Israel Hate Spells Trouble in Tehran

Quds Day in Iran is always marked by speeches noted for their anti-Semitic and anti-Zionist rhetoric. This year was no exception. In a speech already condemned by Baroness Ashton – lead negotiator in the P5+1 talks on Iranian nuclear proliferation – President Mahmoud Ahmadinejad labelled Israel a “malignant cancer” and the state’s endurance “an insult to all humanity”, adding that “the fake Zionist regime would soon fade away from geography and every inch of the occupied territories be returned to Palestinians”.
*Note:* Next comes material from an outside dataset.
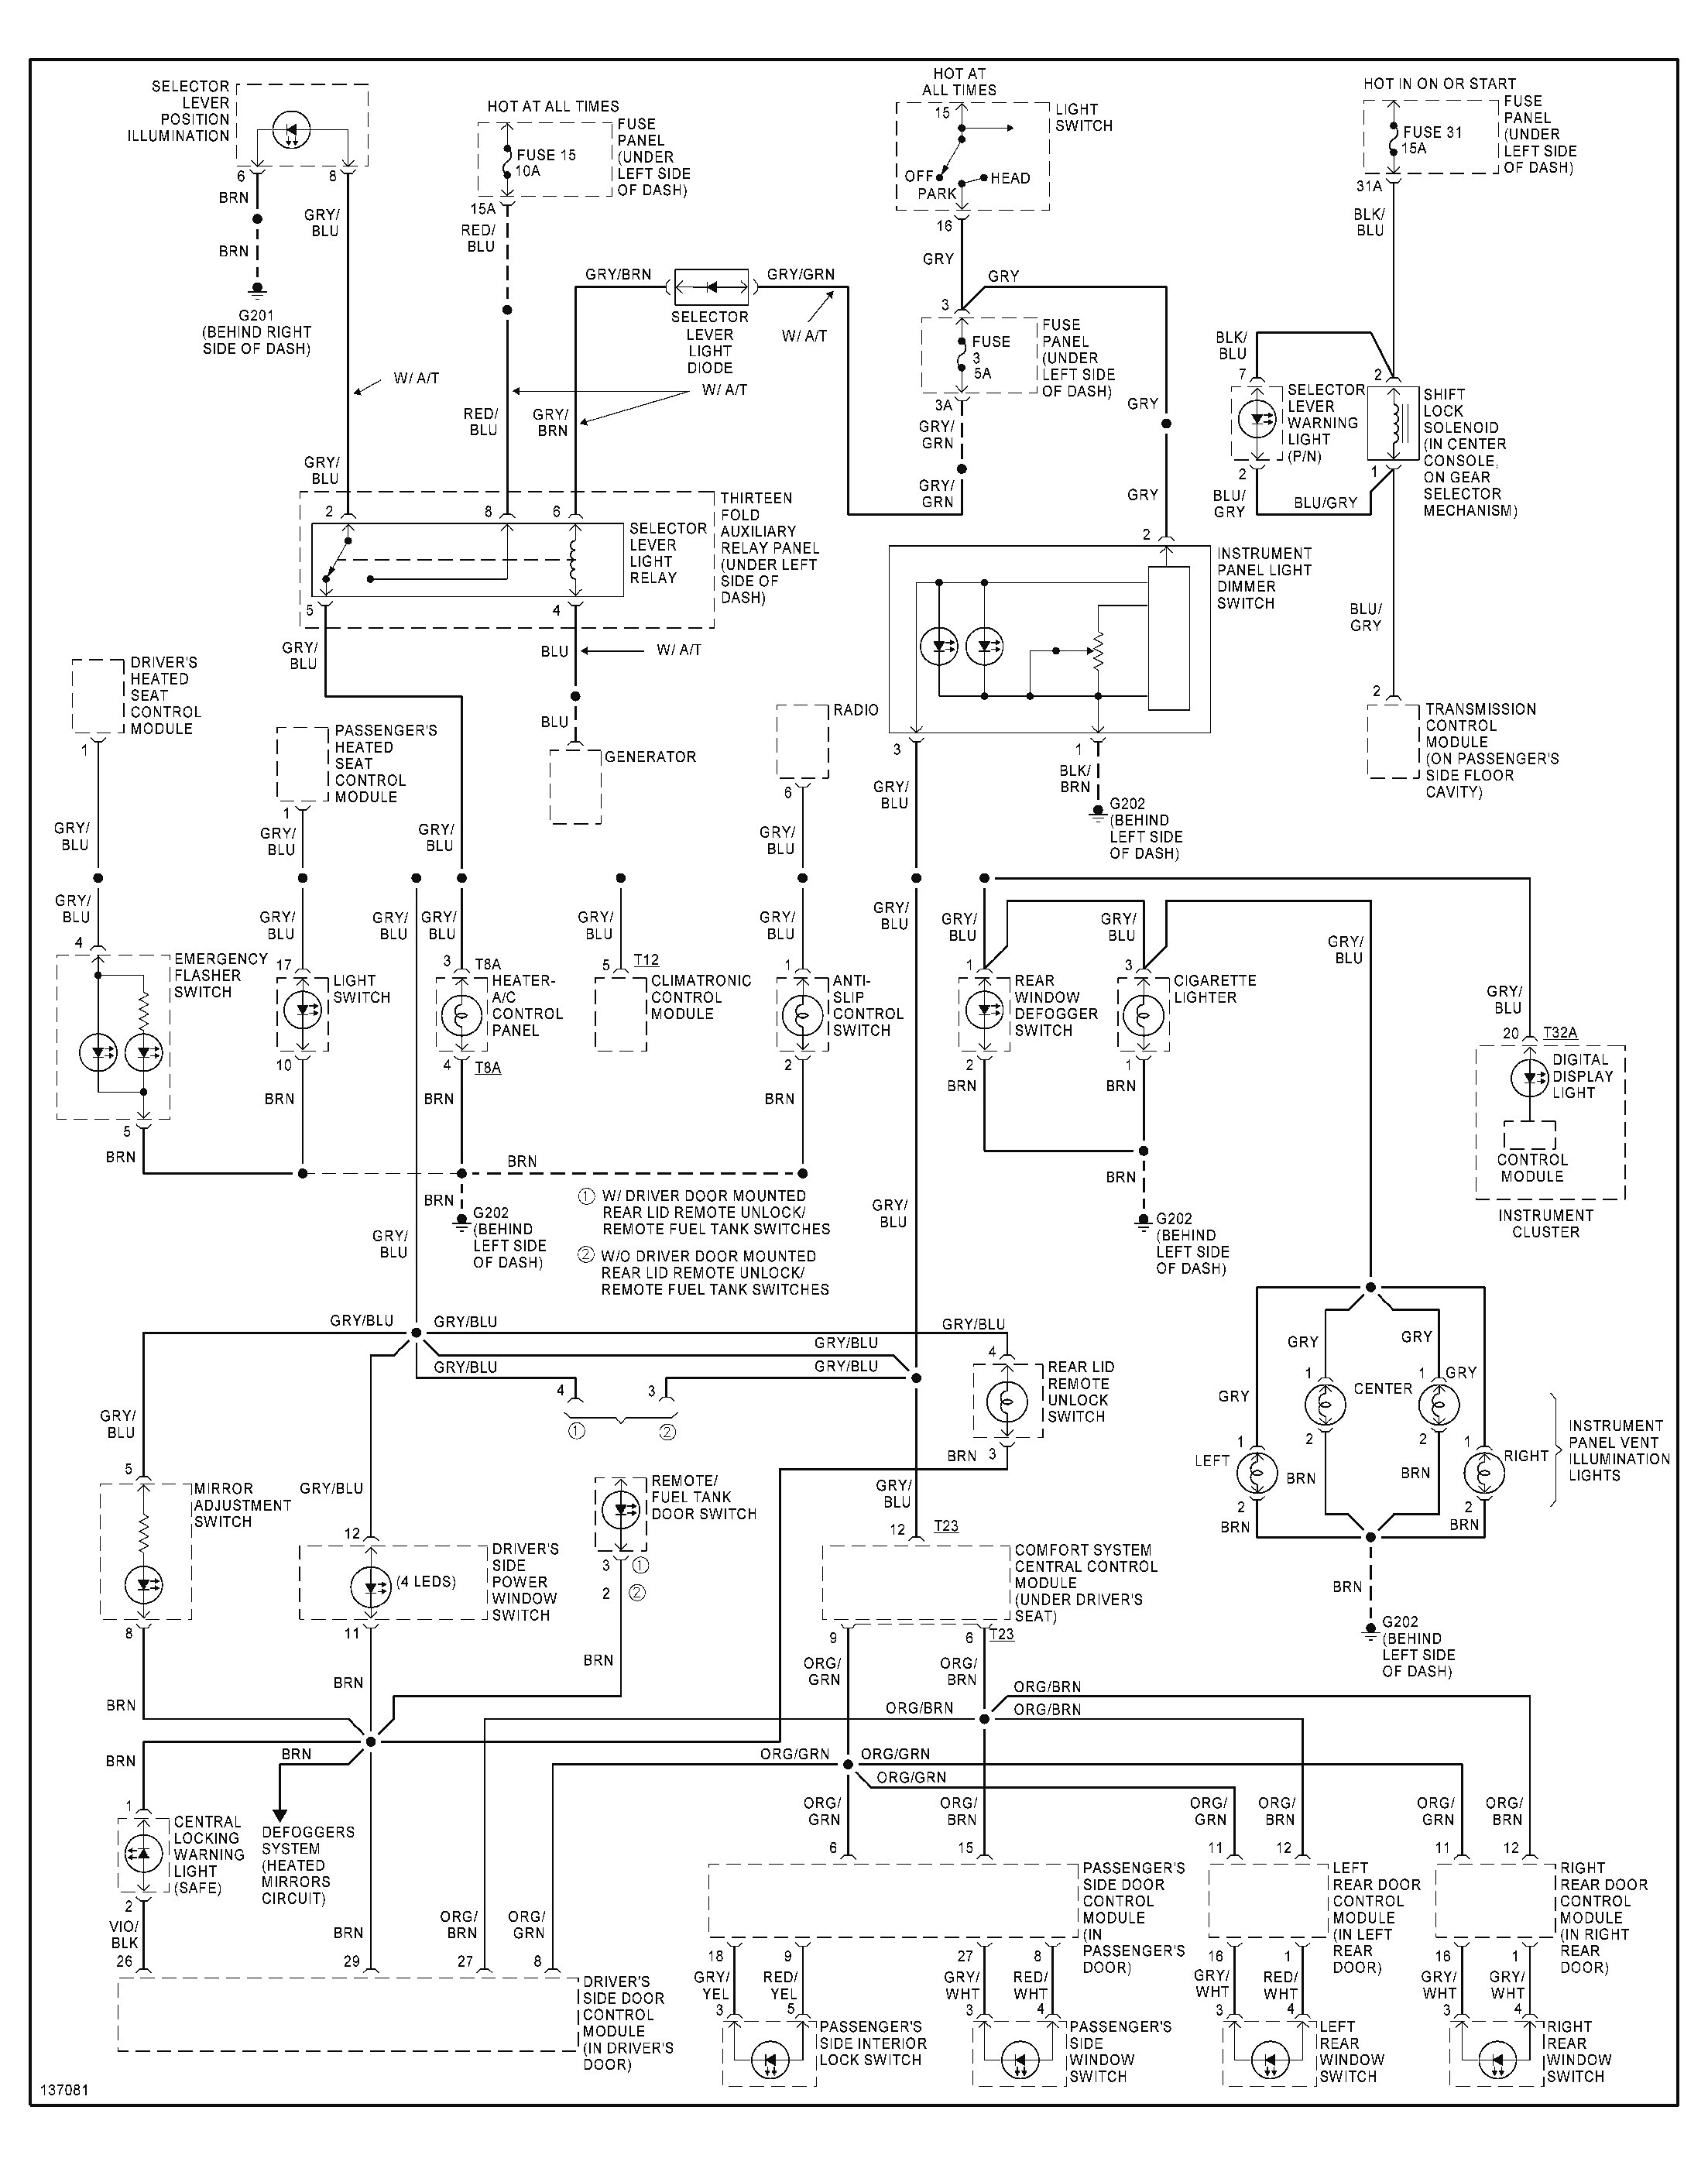 Sony Cdx-Gt565Up Wiring Diagram from mainetreasurechest.com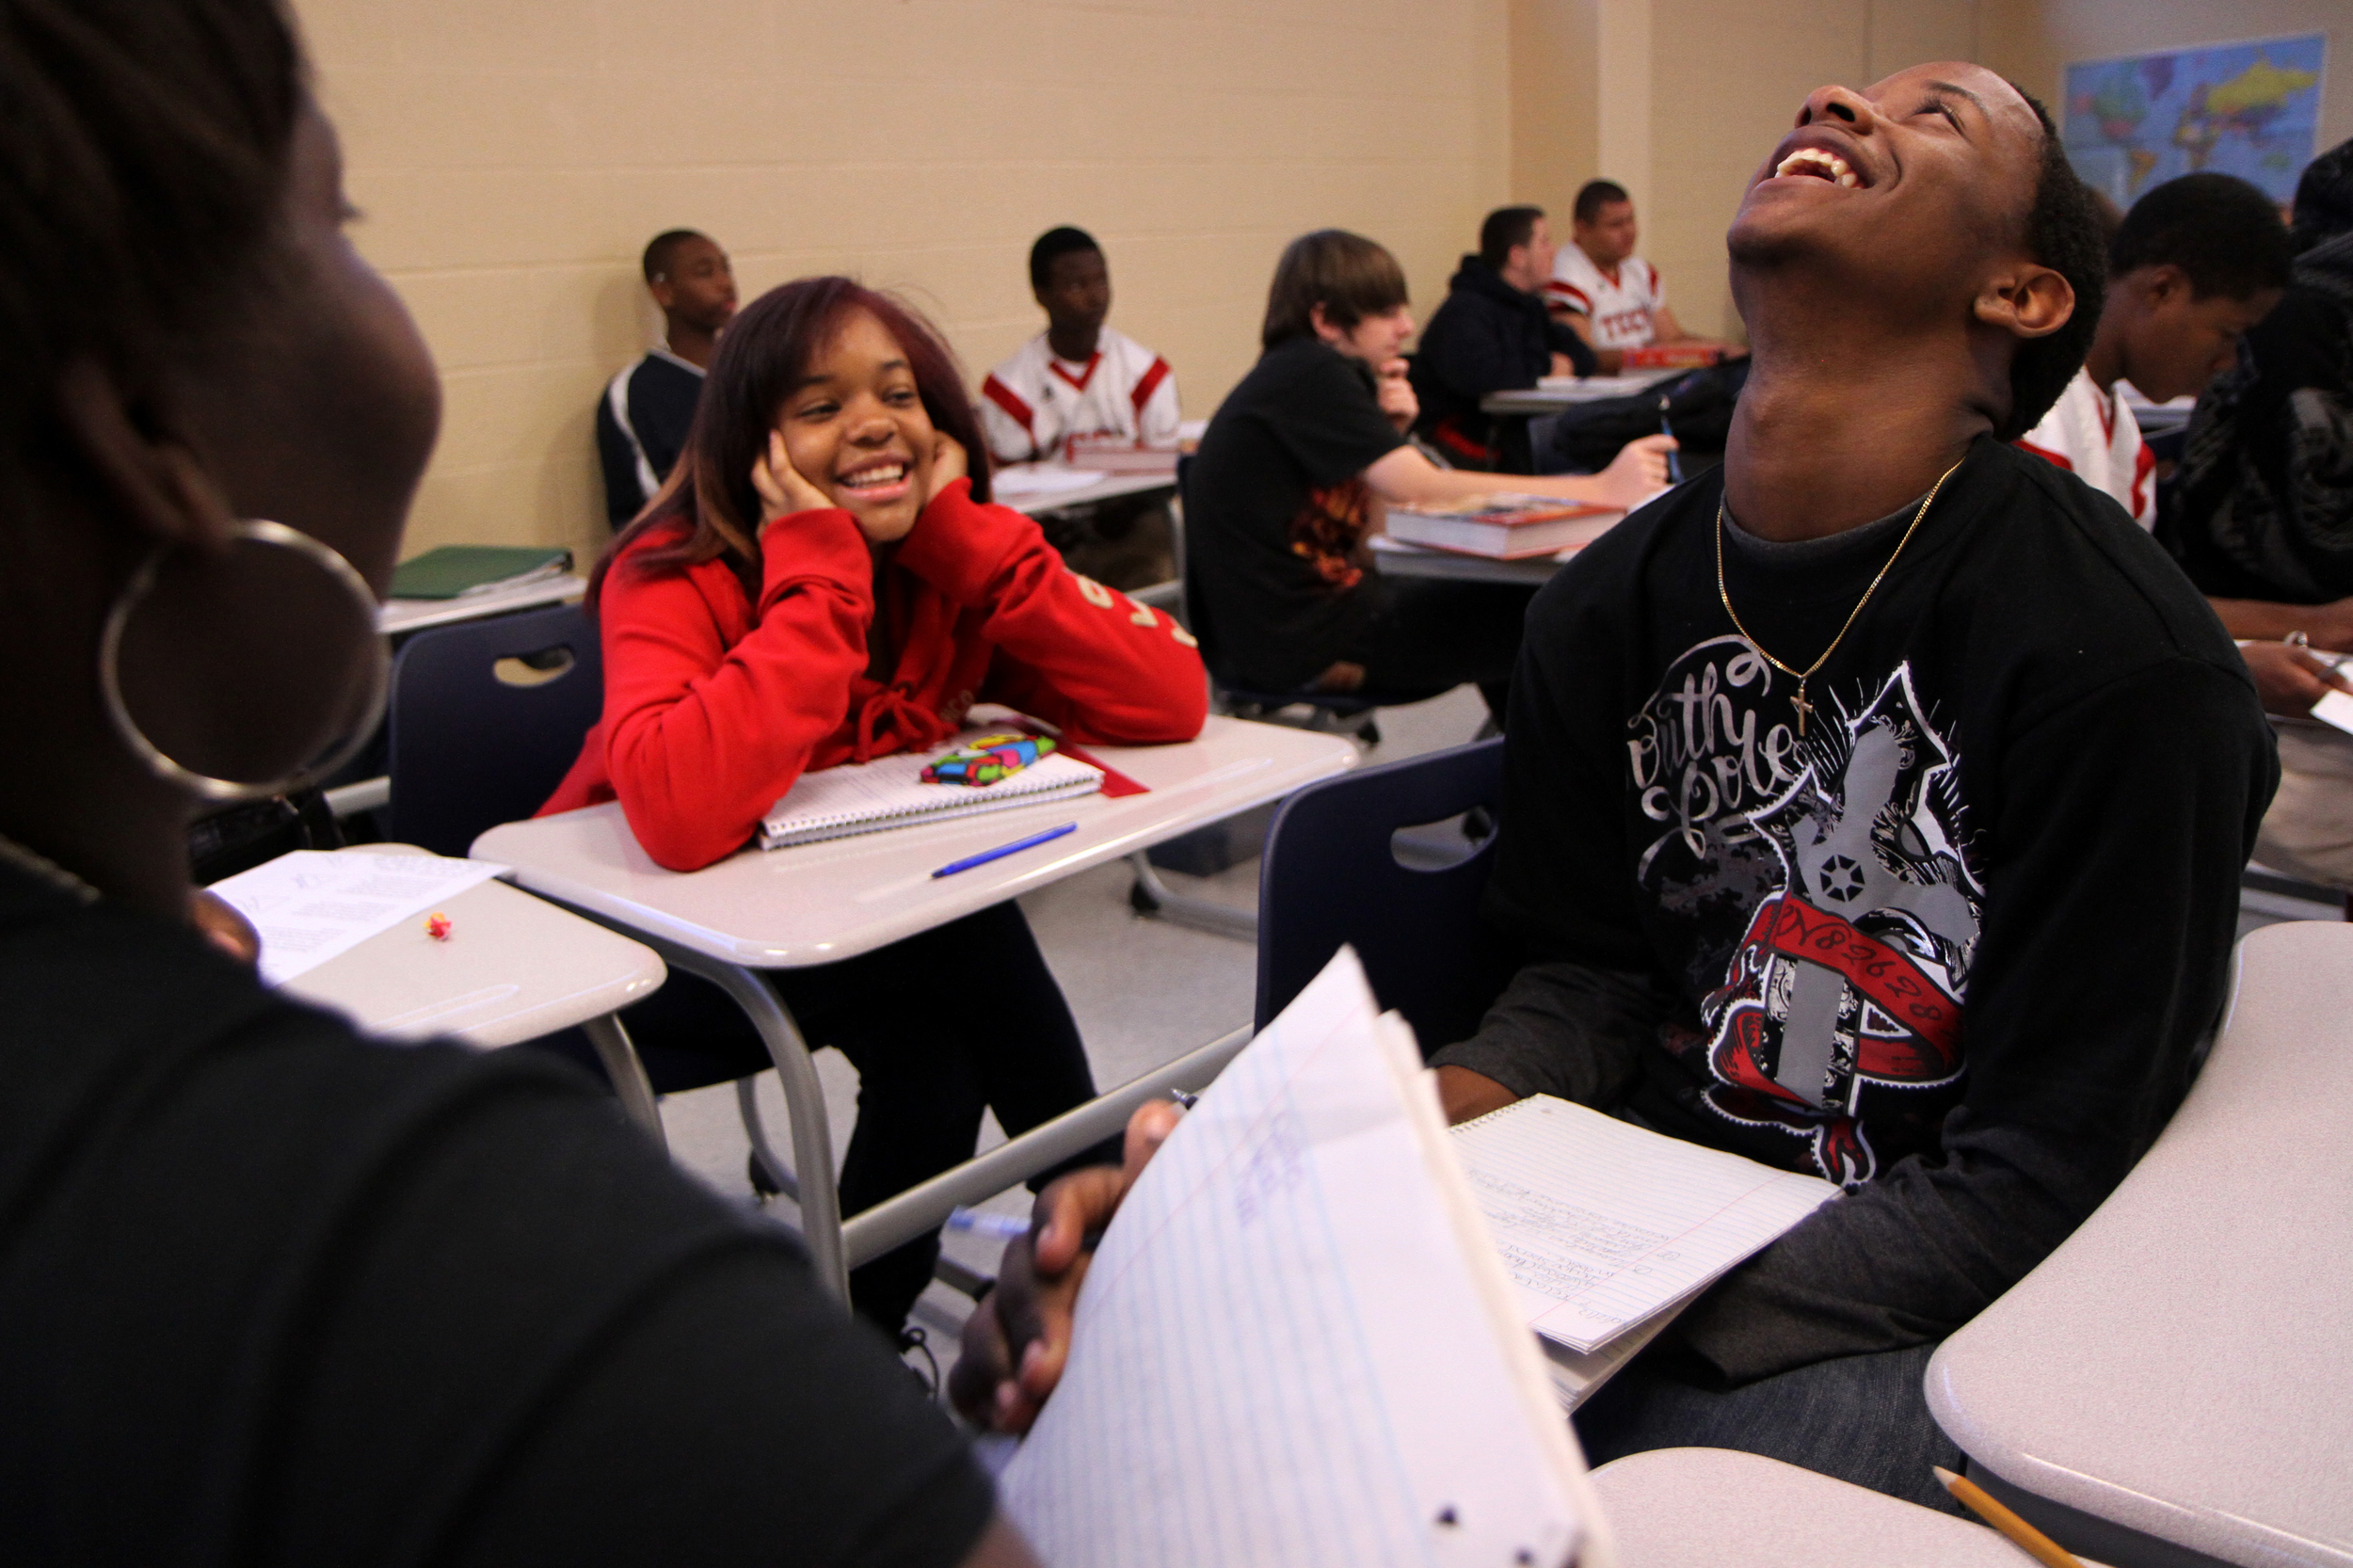  Tigner and his classmates laugh during economics class while discussing what material things are worth buying after inflation. Their wants and needs don't seem to match up.

Ahmadinejad’s particularly vociferous and violent address in Tehran, however, signifies deeper problems on the home front. His aggressive language can be taken as a sign that the sanctions imposed by segments of the international community are working and the regime’s popularity is waning as a consequence.

When their grip on power loosens, leaders both democratic and autocratic often turn towards jingoism to rally the populace against another as a form of distraction. It is not coincidental, for example, that Argentinian leaders from General Galtieri to Cristina Fernández de Kirchner have suddenly remembered their need to regain the Falklands at times when economic conditions are taking a turn for the worse. The same can be said of Nicolas Sarkozy’s decision to round up and deport thousands of Romany gypsies in the summer of 2010, when the unemployment rate in France was climbing and his approval rating slipping.

The exploitation of the Palestinian cause has always been a go-to point for Iranian leaders; that Ahmadinejad felt the need to be even more strident and transparent in his remarks this year is a sign that he feels he needs Israel as an enemy more than ever. Given the tenor of his address, never let it be said that his feelings on the existence of the Jewish state are not absolute.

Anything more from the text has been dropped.